Leading article Australia

Still Laboring under delusions

6 July 2019

9:00 AM

6 July 2019

9:00 AM

Six weeks after the federal election, the resumption of parliament has forced Labor to accept the unpalatable truth that it lost. Having paraded around the country pretending to listen to voters, while offering gratuitous advice to the government about how to run the country, Mr Albanese has finally been mugged by reality — and a good thing too.

Underlining Labor’s irrelevance, the government’s $158 billion package of tax cuts sailed through the Lower House and with luck will be approved by the Senate. Regardless, since May 18, the ALP has subjected itself to the slow torture of death by a thousand tax cuts, painfully trying to accept that voters rejected its big tax-and-spend agenda.
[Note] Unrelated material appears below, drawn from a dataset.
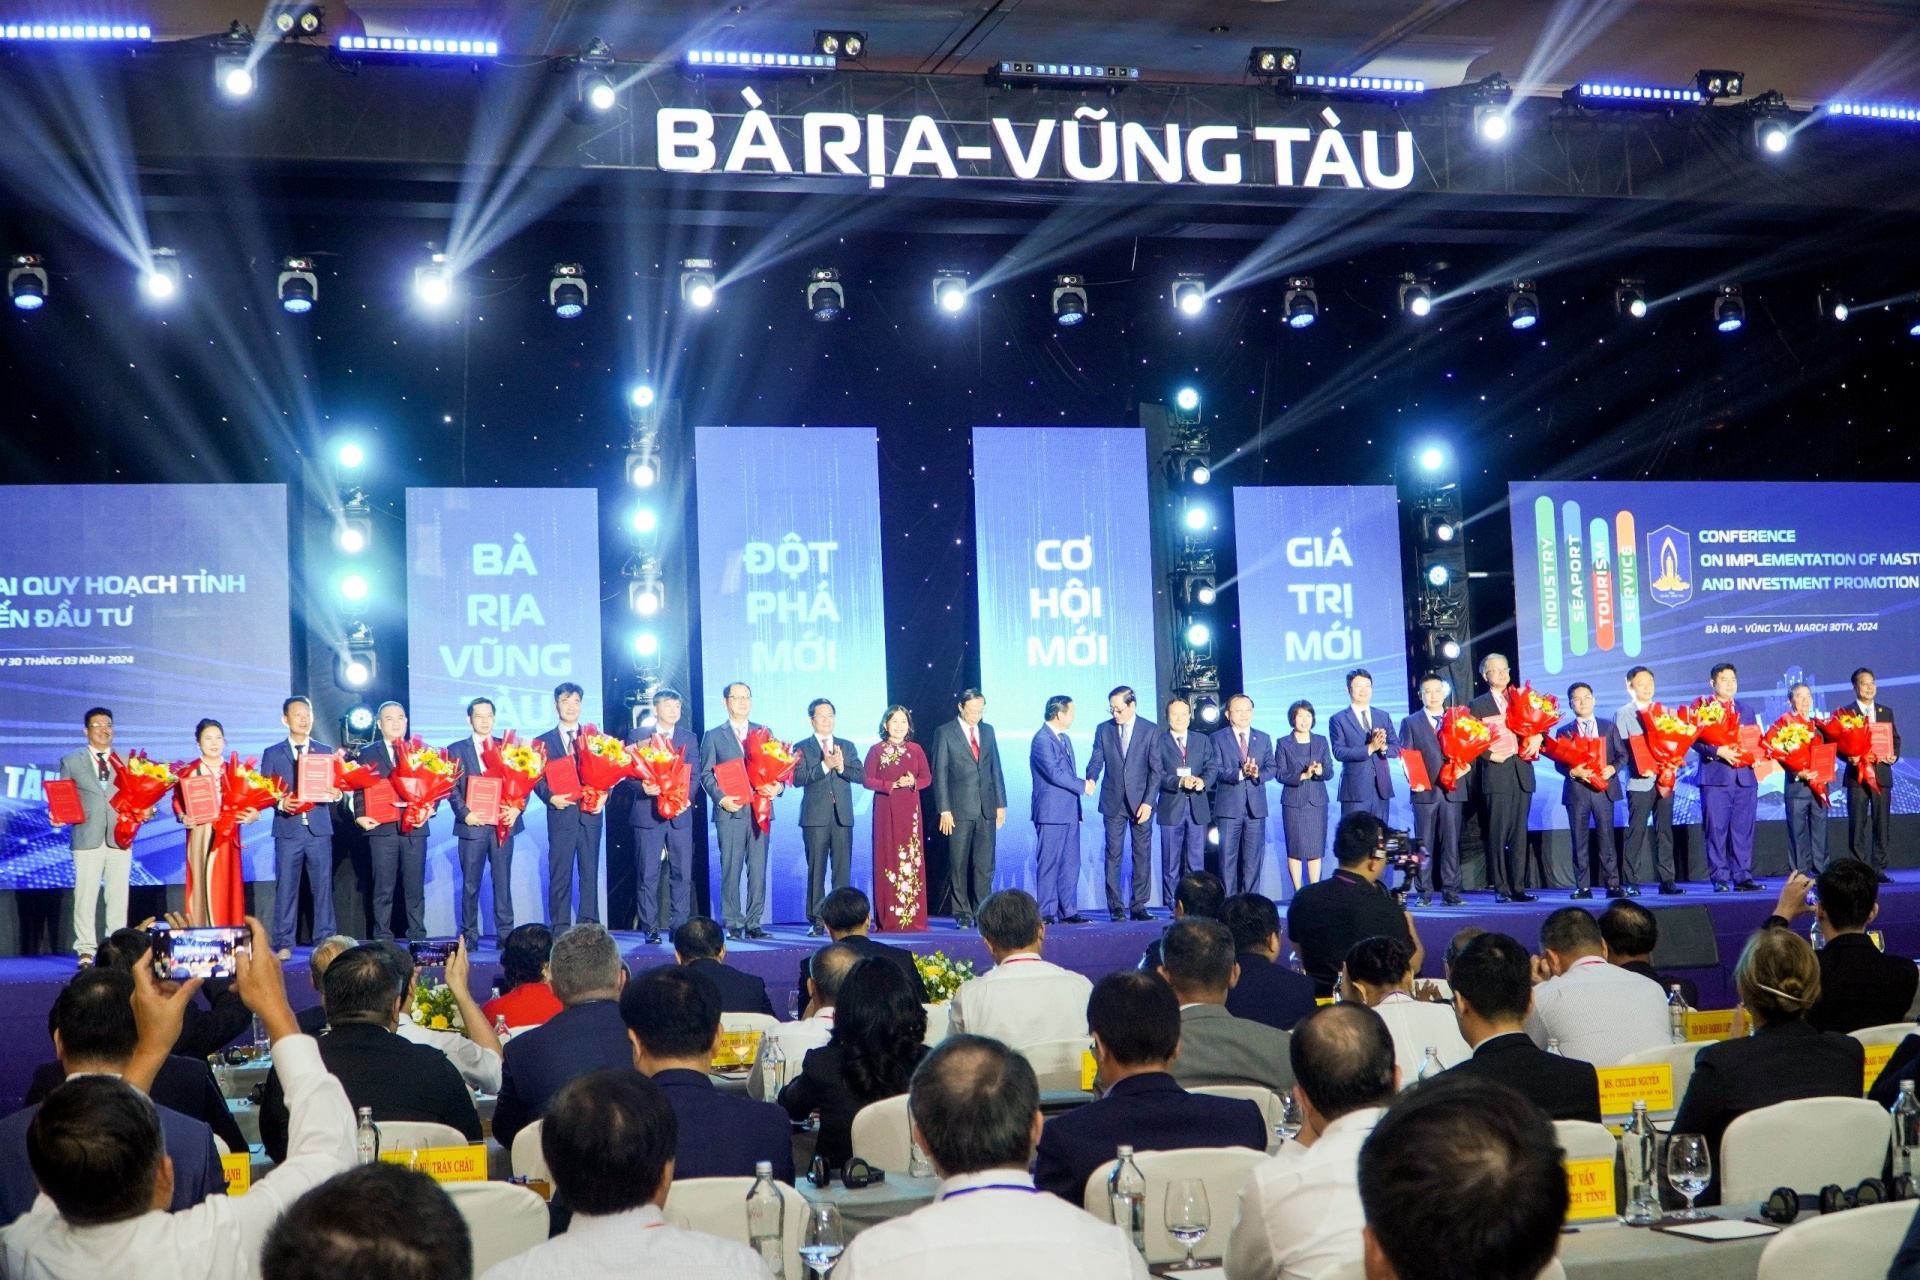 ba ria vung tau hosts conference to introduce provincial plan

It’s been agonising just to observe.

Having previously opposed all but the tax cuts for the lowest income workers, it has now decided to support tax cuts for middle-income earners and even wants them to be fast-tracked.  But it still can’t bring itself to accept tax cuts for those it disparagingly labelled ‘the top end of town’ — although it now says that it is not because they are rich but because they won’t spend the money and stimulate the economy.
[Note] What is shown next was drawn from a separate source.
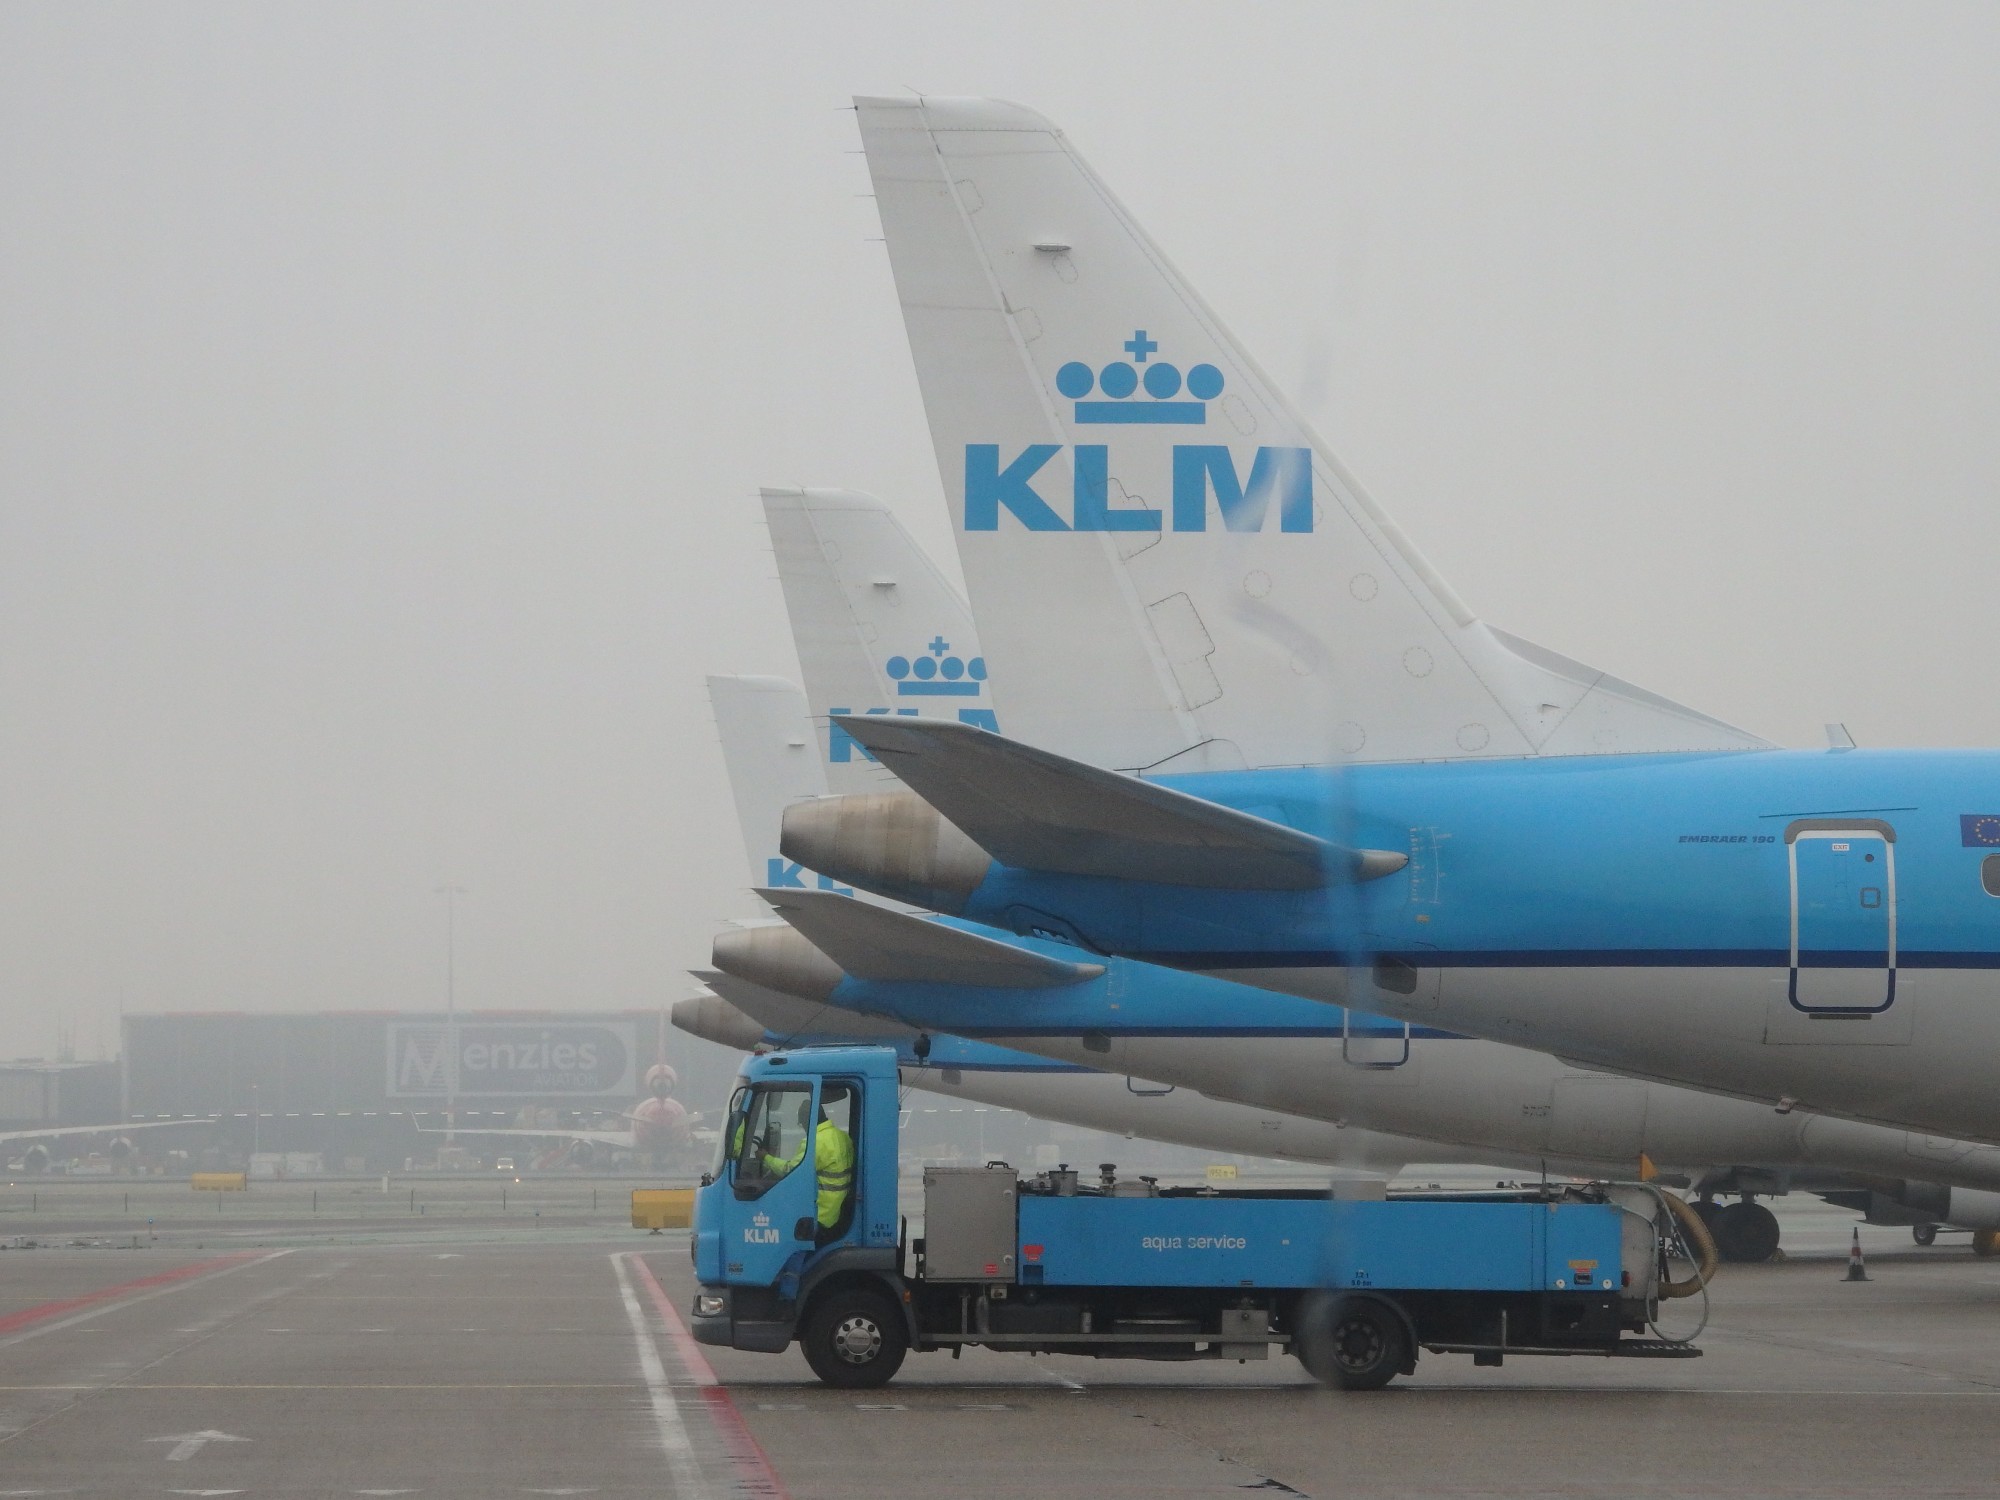 parked planes at Schiphol airport in the Netherlands

The Queensland Labor government’s about face on the Adani coal mine was another welcome development in the post-election environment but the Greens are still struggling with accepting the electorate’s verdict on what they insisted was the ‘climate change election’.
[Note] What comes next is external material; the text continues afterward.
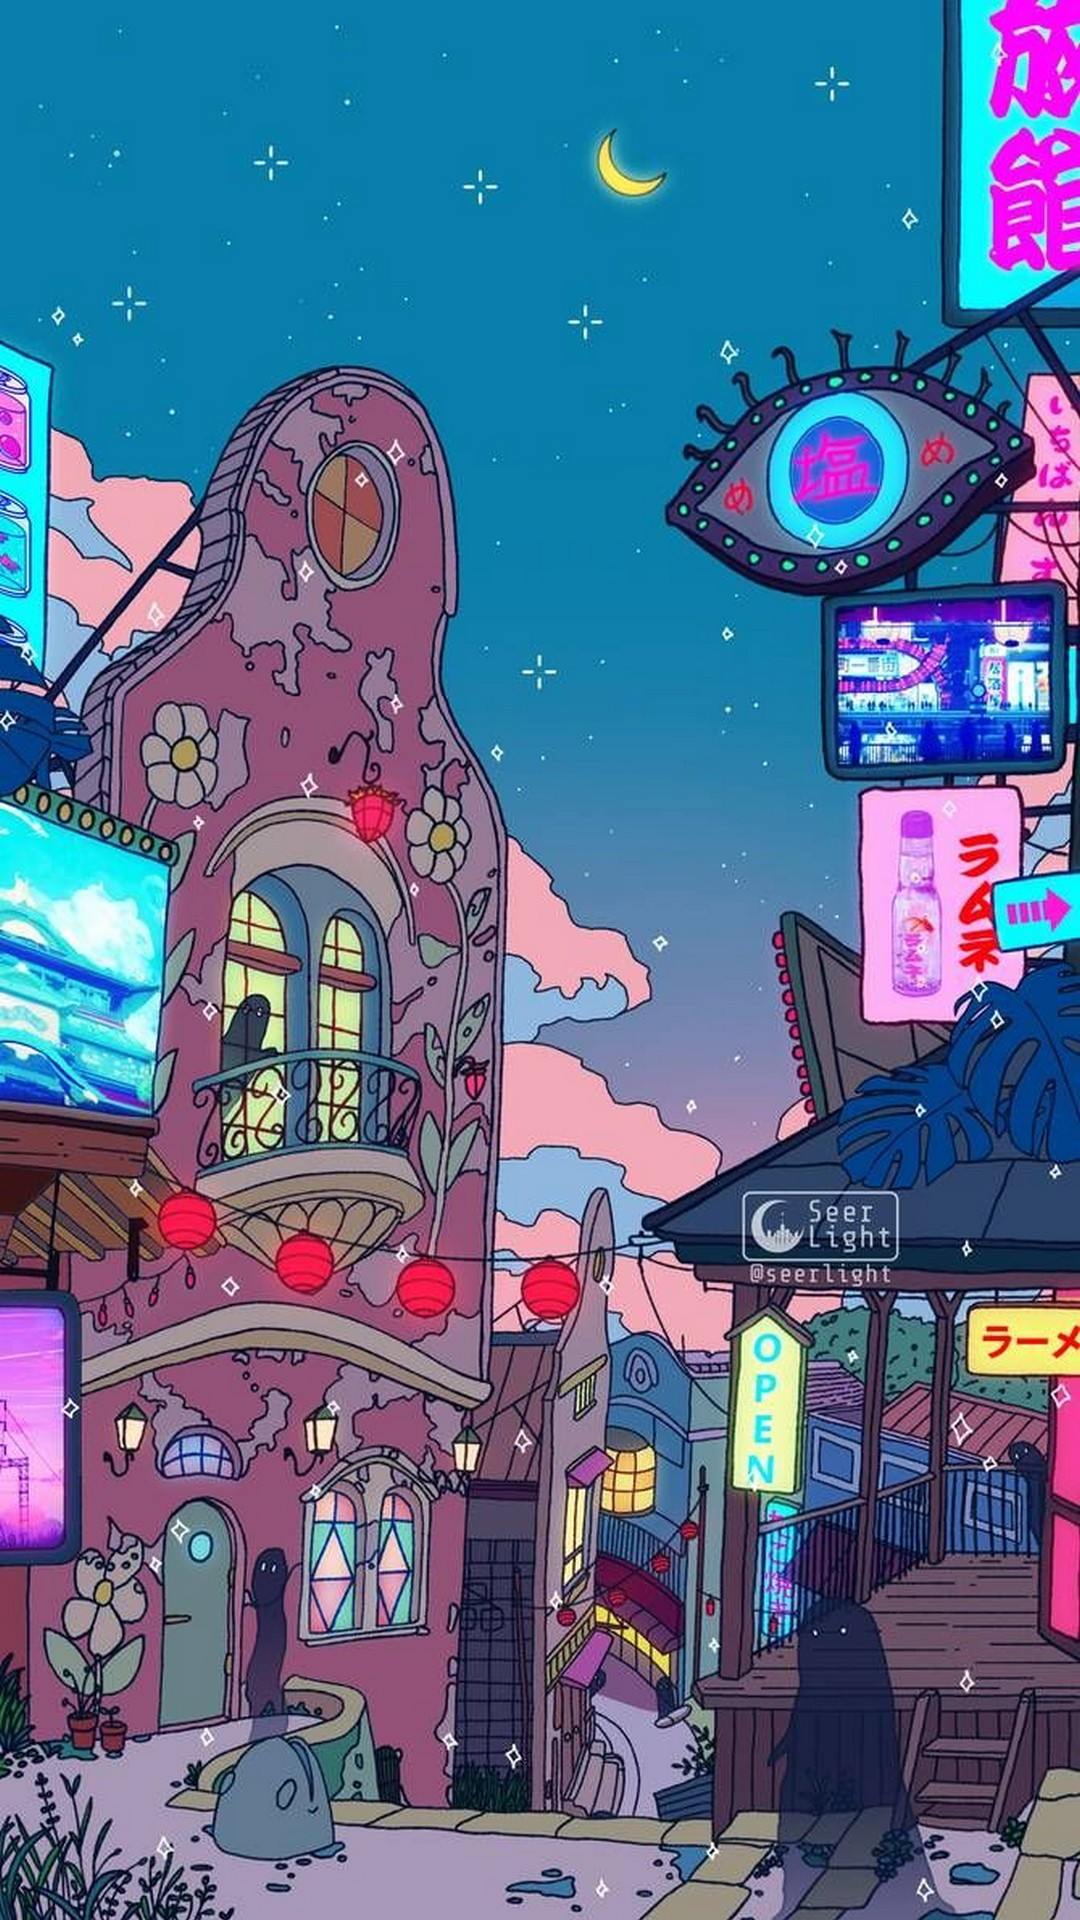 1200+] Anime Aesthetic Background s | Wallpapers.com

The news that former Greens leader Bob Brown is seeking to raise half a million dollars to buy land to establish a base to train activists and plan protests should be welcomed by the government.  Mr Brown’s anti-coal convoy played a pivotal role in rallying Queenslanders to reject Labor and the Greens. Although Mr Brown has only raised a paltry few thousand dollars, everything he does to promote his campaign is likely to help the government win the next election.

While alarmists are panicking about the heatwave in Europe, in Australia the skyrocketing cost of electricity has inflicted a terrible cost on the poor and the elderly. More than 130 people were admitted just to NSW emergency departments last winter with cold-related problems, including hypothermia, a 34 per cent increase compared with a decade ago. That’s because the wholesale price of power has increased by more than 150 per cent, just in the last four years. The renewables fetish has cost the country dearly and the federal government’s commitment to end subsidies can’t come soon enough.

If the price of renewables is as competitive as their backers claim, they can compete on their own merits and bring down the cost of energy without punishing the poor.

After the evident distress that the sacking of Israel Folau caused many Australians, demonstrated by their rush to contribute to his legal costs, it is reassuring that both the government and the opposition have committed to working together to protect religious freedom. The tolerance zealots have been shrill in their condemnation not just of Mr Folau but of his wife, gloating at cutting down a tall poppy, glorying in his financial losses and smearing him as a ‘homophobe.’

During the election, the Prime Minister promised to introduce a bill that would make it unlawful to discriminate against people because of their religious belief and has said that he wants to work with the opposition because he doesn’t want religion to be an issue that divides Australians.

After an ominous silence on the subject while the debate on Folau raged, this week Mr Morrison said that it was important that employers don’t impinge on employees’ private practice, private belief and private activity.  Amen to that.

Logies logic

The Logies, television’s night of nights last Sunday marked the sad decline of commercial television as it struggles to raise revenue while competing with content-rich, on-demand streaming services on the one hand and a billion-dollar national broadcaster on the other. Audiences are shrinking and along with it, advertising revenue. The success of so many programs made by the ABC was not surprising, given the generous subsidy extracted from taxpayers that insulates them from the cruel winds of competition to which everyone else in the sector is exposed. The award of the Gold Logie to ABC comedian Tom Gleeson struck a raw nerve, after his campaign relentlessly mocked the Logies. However funny it was, it seemed to some that he was kicking the rest of the sector when they were down and was able to do so, not by being funnier, but because he can count on taxpayers’ deep pockets.